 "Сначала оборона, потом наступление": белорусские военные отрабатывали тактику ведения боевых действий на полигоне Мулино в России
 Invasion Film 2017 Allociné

* * *

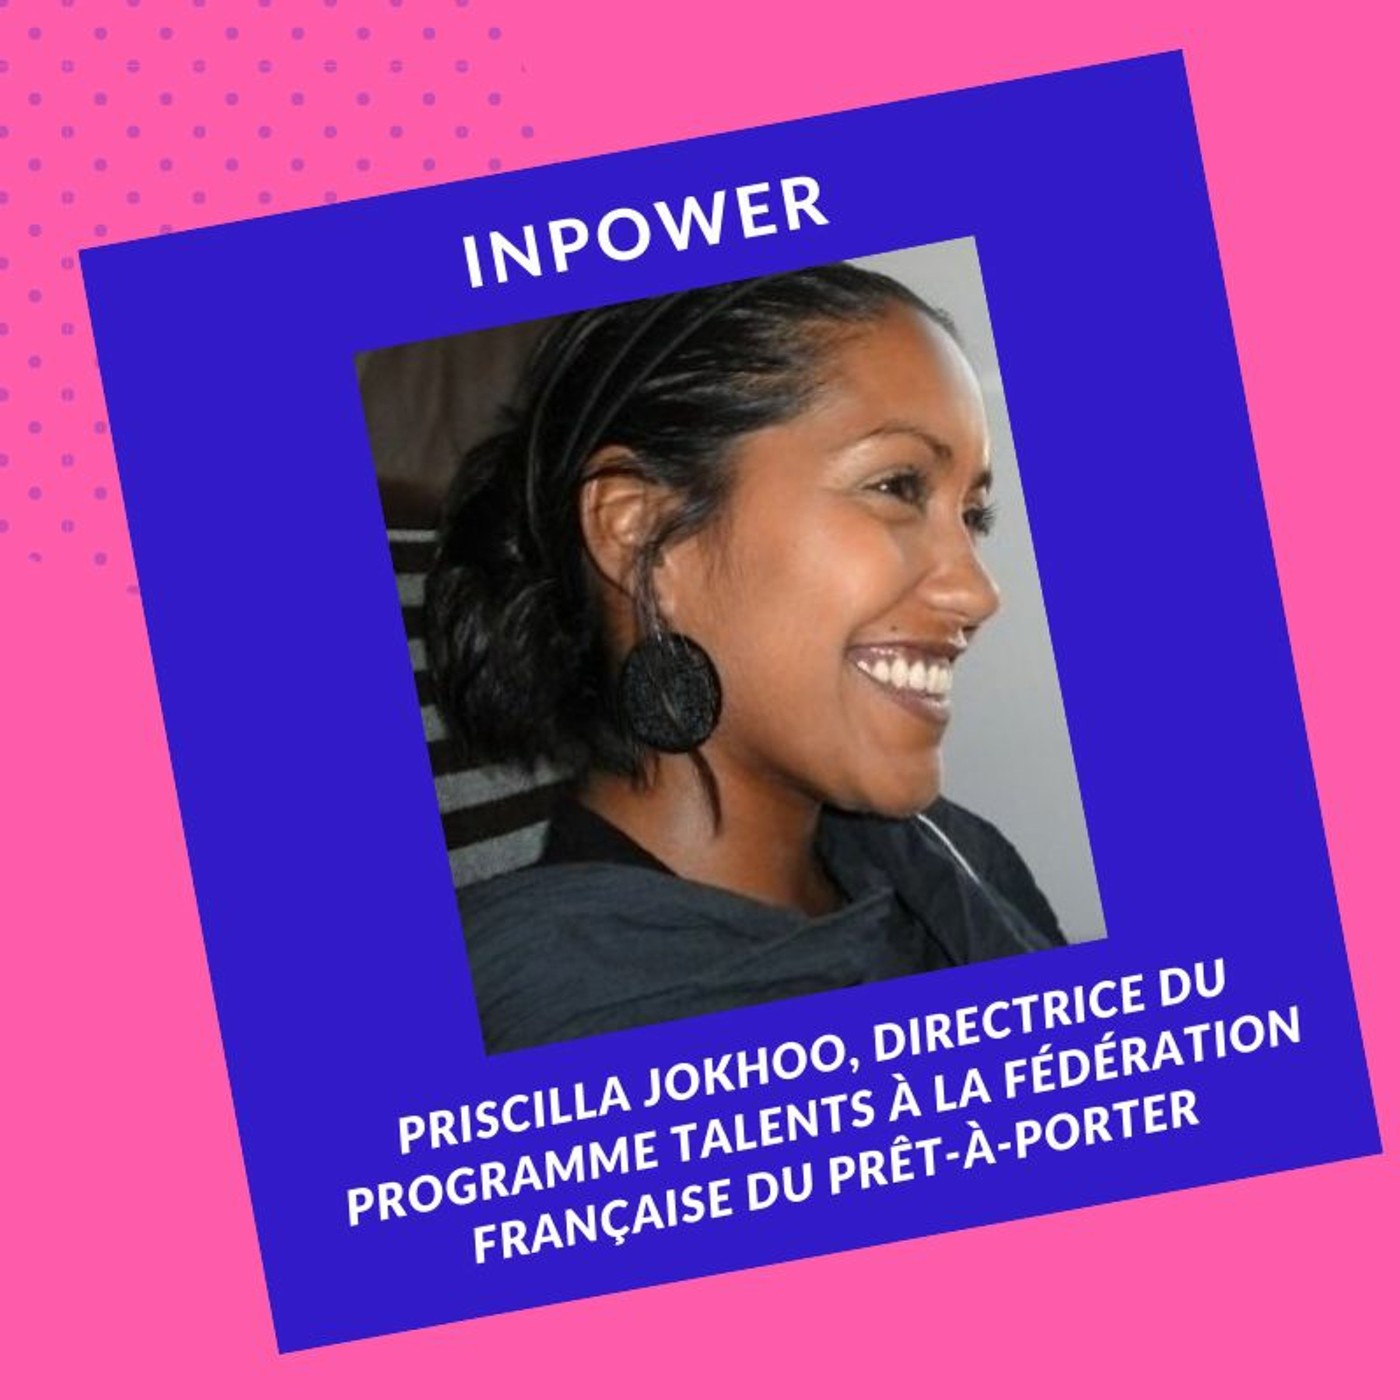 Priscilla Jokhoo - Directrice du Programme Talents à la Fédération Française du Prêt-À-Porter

* [Assignment] Print, without alteration, only the lines above between the one holding "Мулино в России" and the one holding "Invasion Film 2017 Allociné", inclusive.

* [Exercise answer]
 "Сначала оборона, потом наступление": белорусские военные отрабатывали тактику ведения боевых действий на полигоне Мулино в России
 Invasion Film 2017 Allociné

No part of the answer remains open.